This was a prospective study include human subject.

2.2. Study setting and population

Conducted in a community hospital (Hsinchu Cathay General Hospital) in Hsinchu City with 32 ED beds, 400 ward beds, and approximately 30,000 ED visits annually. Patients over 65 years old accounted for 26% of total visits.

2.3. Study protocol

This study was approved by the Institutional Review Board of the Cathay General Hospital and was conducted according to the Declaration of Helsinki. Written informed consent was given to the patient. The study period was April 1, 2020 and March 31, 2021. Patients who fulfilled the following inclusion criteria were included: age above 65 years, able to walk before the current ED visit, and sent to the ED by EMS. Patients who had out-of-hospital cardiac arrest and patients classified as critical condition in the triage were excluded. The development of the risk factor assessment scale for falls in the home environment was divided into 2 stages. In the first stage, a literature search was performed by 2 researchers, one being an emergency physician with a physical-therapy background and the other being a senior EMT. It was preliminarily found that 39 items in six dimensions were important risk factors for home falls.[ These six dimensions were support system, living room, bathroom, bedroom, kitchen, and stairs. However, considering the limited accessible environment and handover time after the EMT arrives at the emergency site, the dimension of kitchen was finally deleted and 8 items in five dimensions were selected by the 2 researchers to form the assessment scale. The second stage was the judgment-qualification stage of content validity index (CVI). We organized an expert panel with 6 experts in total covering four major fields (geriatrics, emergency medicine, nursing and EMS), and asked about the degrees of relevance of the 8 risk items to the research topic, which was divided into four grades on 4-point Likert scale: 1 = not relevant; 2 = somewhat relevant; 3 = quite relevant; and 4 = highly relevant. Answers of 3 or 4 were considered relevant.

2.4. Key outcome measures

We calculated the scale-level CVI (S-CVI) using two different methods, namely the average method (AVE) and universal agreement method (UA).

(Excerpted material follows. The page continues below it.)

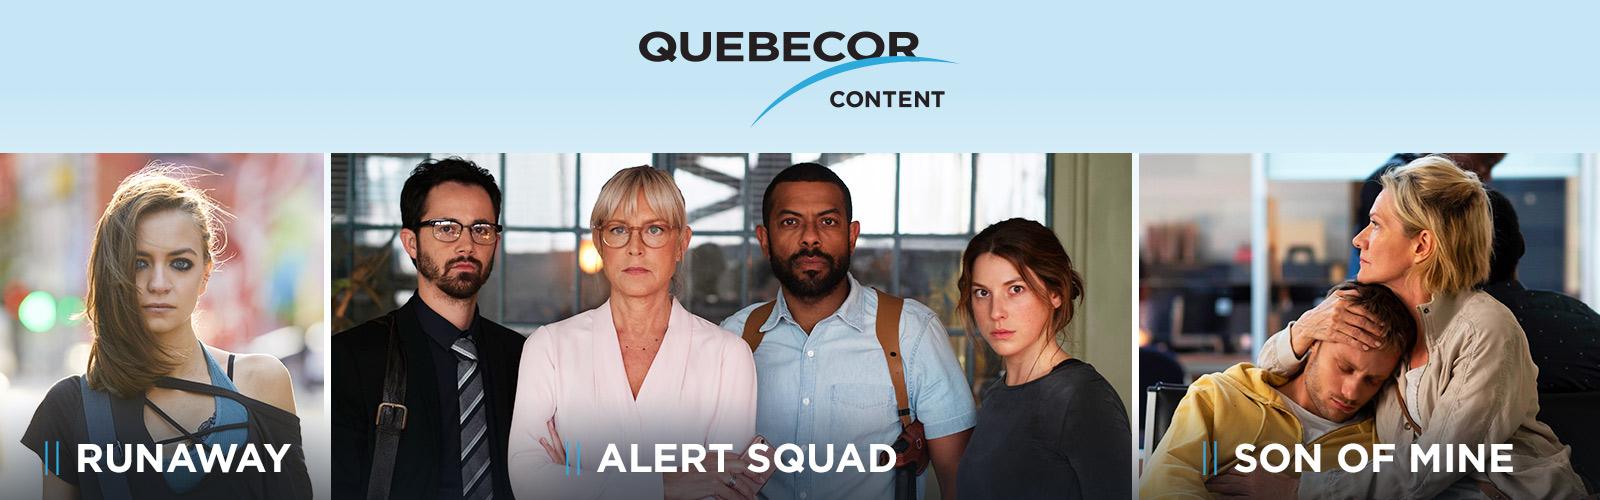 Quebecor Content
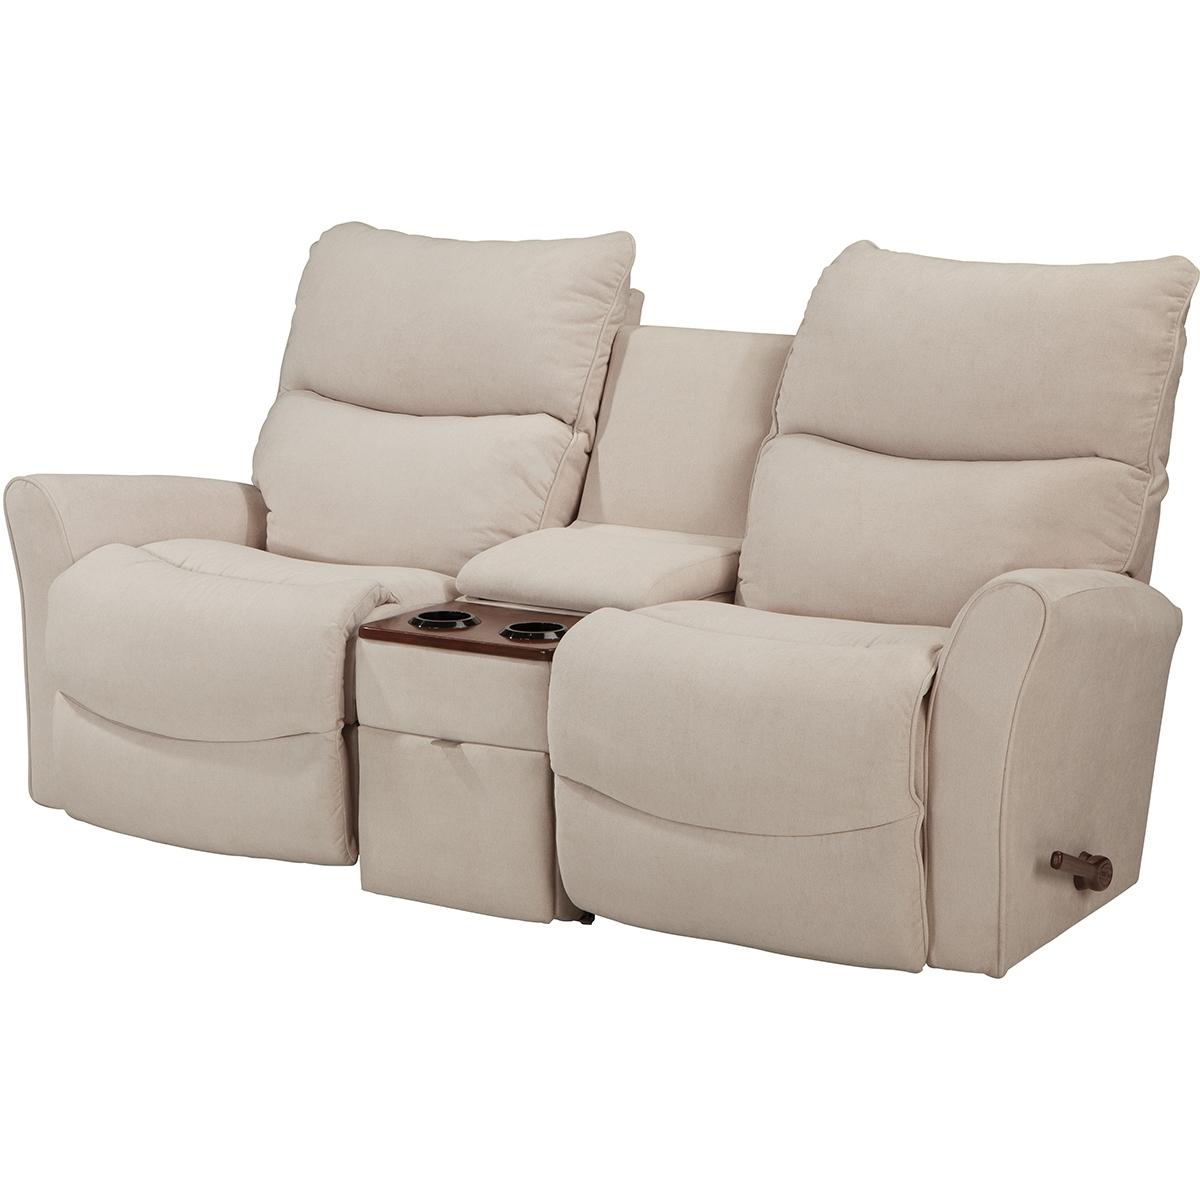 La Z Boy In Favorite Lazy Boy Sectional Sofas (View 4 of 15)

The S-CVI/AVE value of this assessment scale was 0.96, and the S-CVI/UA value was 0.86, showing good validity.[ According to the findings by EMTs, the ED nurses checked the items in the Checklist of Risk Factors for Falls in the Home Environment. “Present” means that the EMS personnel found this risk factor in patients’ homes, and “Absent” means that the EMS personnel did not find this problem in patients’ homes. “Unavailable” means that the EMTs could not evaluate or paid no attention to this item. The ED nurses provided this checklist to the GCM in the ED. The GCM’s working hours were 8 AM to 5 PM, Monday to Friday, during which the GCM discussed potential solutions face-to-face with the patients or primary caregivers. If a patient had left the hospital, the GCM communicated with them by telephone. To ensure that the EMTs and ED nurses understood the content of the assessment items before the research began, we held a training course to familiarize them with the task. They were instructed to record on the checklist, items in the home environment that could not be observed and the reasons. In order to analyze the feasibility of this model, we performed statistical analysis of the following data: the proportion of patients for whom EMTs could perform the environment safety assessment, items that could not be assessed and the reasons, common dangerous environment factors, the proportion of patients who received intervention by the case manager, and the intervention methods.

2.4. Data analysis

We used SPSS 23.0 for Mac (SPSS Inc., Chicago, IL) to perform statistical analysis. Continuous normally distributed data are presented as mean ± standard deviation (SD). Categorical variables are presented as percentages.

3. Results

In the one-year study period from April 2020 to March 2021, a total of 1209 patients were sent to the ER by ambulance. A total of 235 patients met the enrollment criteria, including 108 males (46%) and 127 females (54%), with an average age of 77.6 ± 6.4 years. The reasons for seeking medical attention are presented in Table 1. EMTs performed environmental assessment for 93.2% (219/235) of the subjects, with only 16 subjects (6.8%, 16/235) for whom the assessment was not performed. There were two reasons for these exclusions: 93.7% (15/16) of the patients moved to the exit by themselves or were moved by their families, and 6.3% (1/16) of the patients were directly transported to the fire department by their families. The proportion of patients determined to have no risk factors at home was 5.5% (12/219), so 207 older individuals were at risk of falls at home. Statistics of common dangerous environment factors and items that could not be assessed are presented in Table 2. Among the 207 older people at risk, 79.7% (165/207) received intervention measures from the GCM according to risk items, while 20.3% (42/207) did not receive intervention measures. The main method of intervention was education, with a total of 158 people (95.8%, 158/165). The topics included home safety, medication, exercise, and frailty. In addition, seven patients (4.2%, 7/165) were provided long-term care resources by the GCM with OTs to help improve the environment at home.
Table 1

Reasons for seeking medical attention.

Reasons for using EMSNumber (%)
Medical disease165 (70.21%)
Surgical disease16 (6.81%)
Fall at home54 (22.98%)

EMS = emergency medical services.

Table 2

Assessment results of risk factors of falls in the home environment.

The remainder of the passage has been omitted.